Prehistoric Isle on its side, might be the most original and most beautiful Shoot them Up of its time. Far from R-Type in its approach, the game does not have much to envy it: splendid graphics, huge prehistoric monsters, epic atmosphere - feeling like in a Z movie from the seventies, smooth animation, gameplay which keeps you taped to the stick, and music and sound effects that will take you to hell. Yes, there's in this thing a very special atmosphere that might stick a lot of players to it, at least those who appreciate Godzilla and ninja movies, if you know what I mean: the same taste can be felt in Prehistoric Isle 2, released in 1999 on MVS. This Shooter is powerful. For a game of 1989, it's very fine, full of surprises, and simply a quality SNK game as we like to see.
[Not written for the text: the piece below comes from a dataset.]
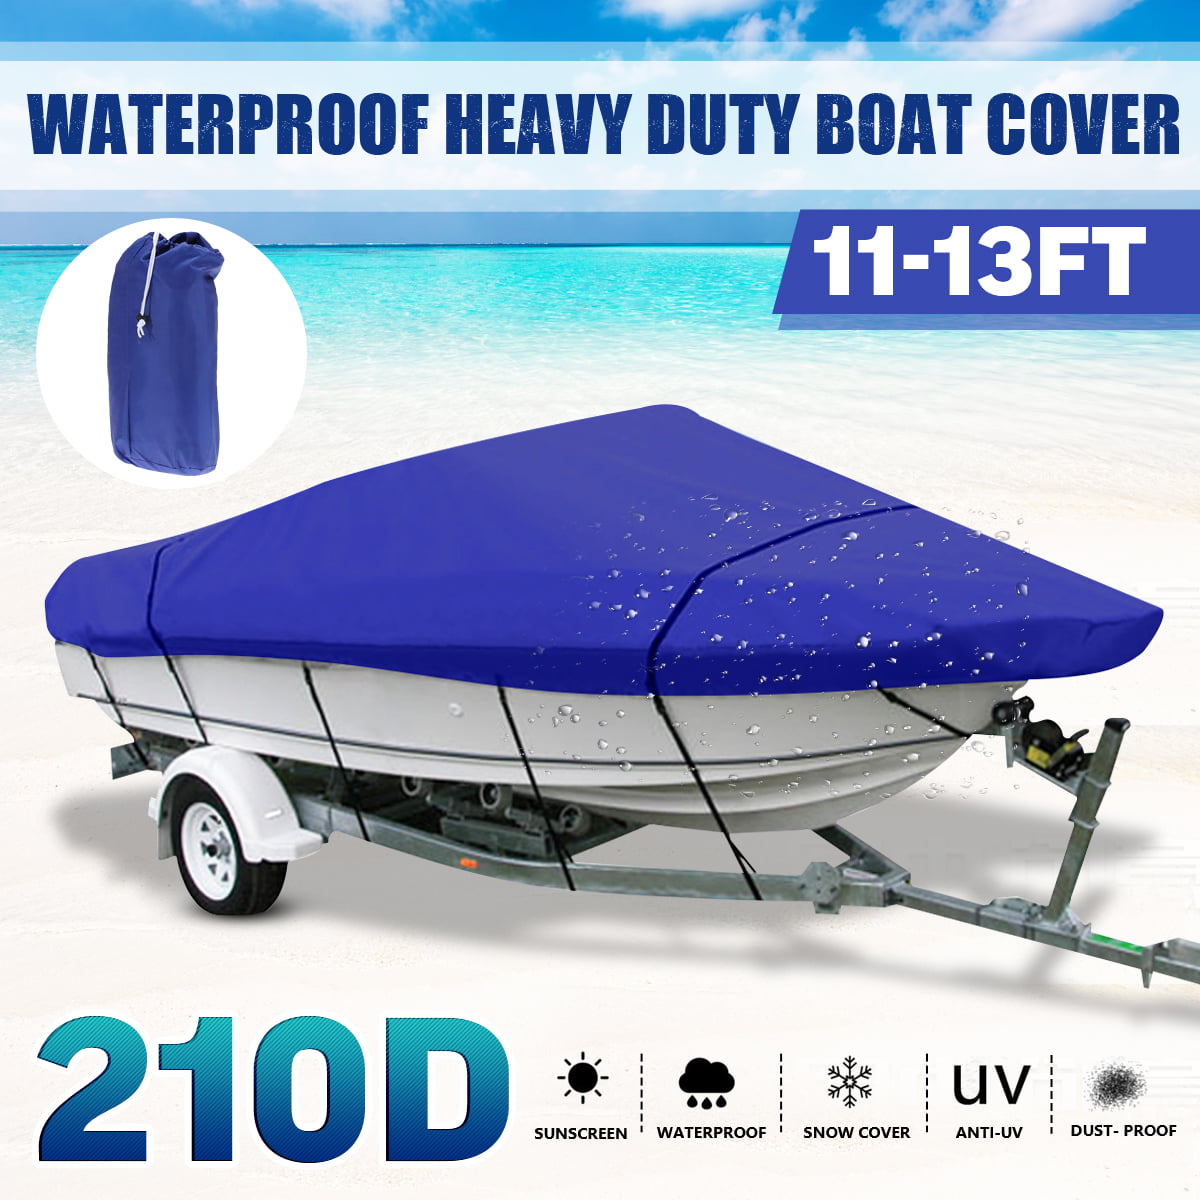 Premium 600D Pontoon Boat Cover For 20' 24' Long 102" Beam Motorboat Powerboat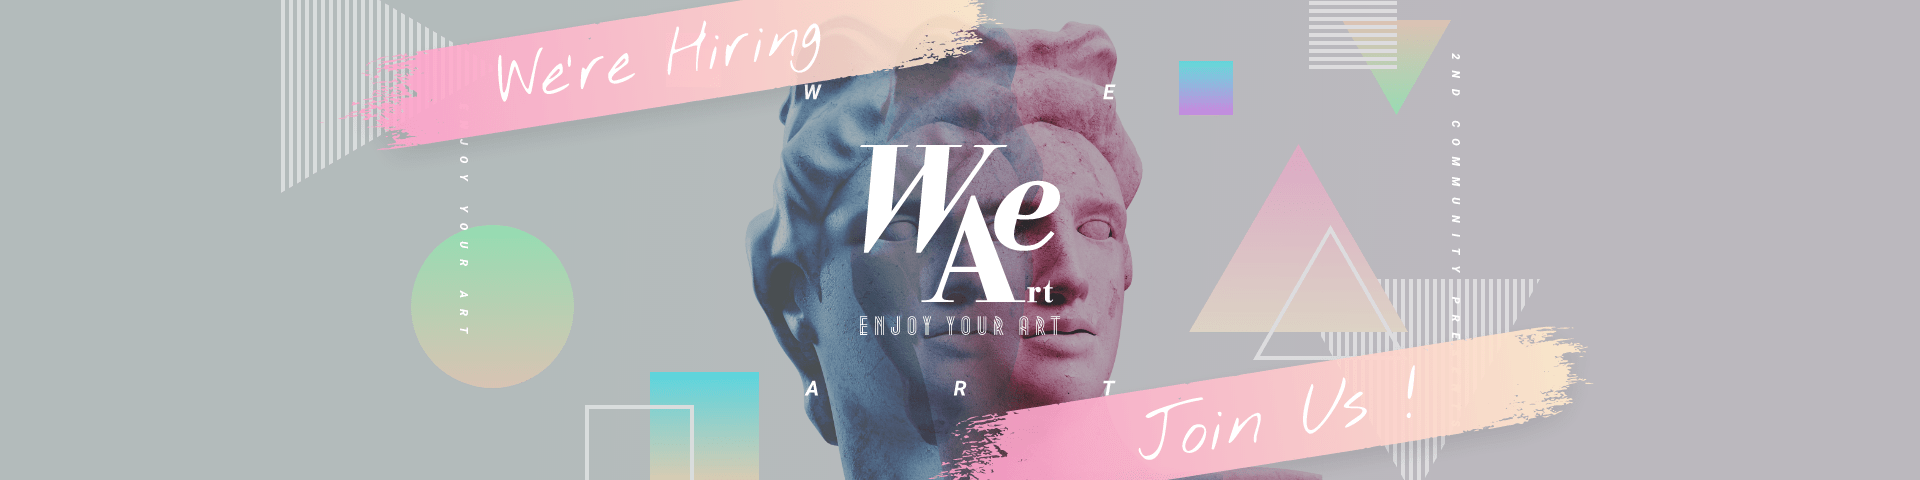 We're Hiring WeArt ENJOY YOUR ART Join Us!

1990. The Birth of the Neo Geo
As you know, it was in 1990 that SNK released the MVS, and then the Neo Geo AES system. The only game published out of this new hardware simultaneously is Crystalis on NES, a sympathetic action RPG which encountered good critics. Therefore, the editor will devote only to its new system, leading a merciless competition to its rivals on the arcade market and aiming at a small niche with the expensive Neo Geo AES as a home console. SNK will release games on other media only through adaptations of its successful titles on consoles, often conducted by third-part developers.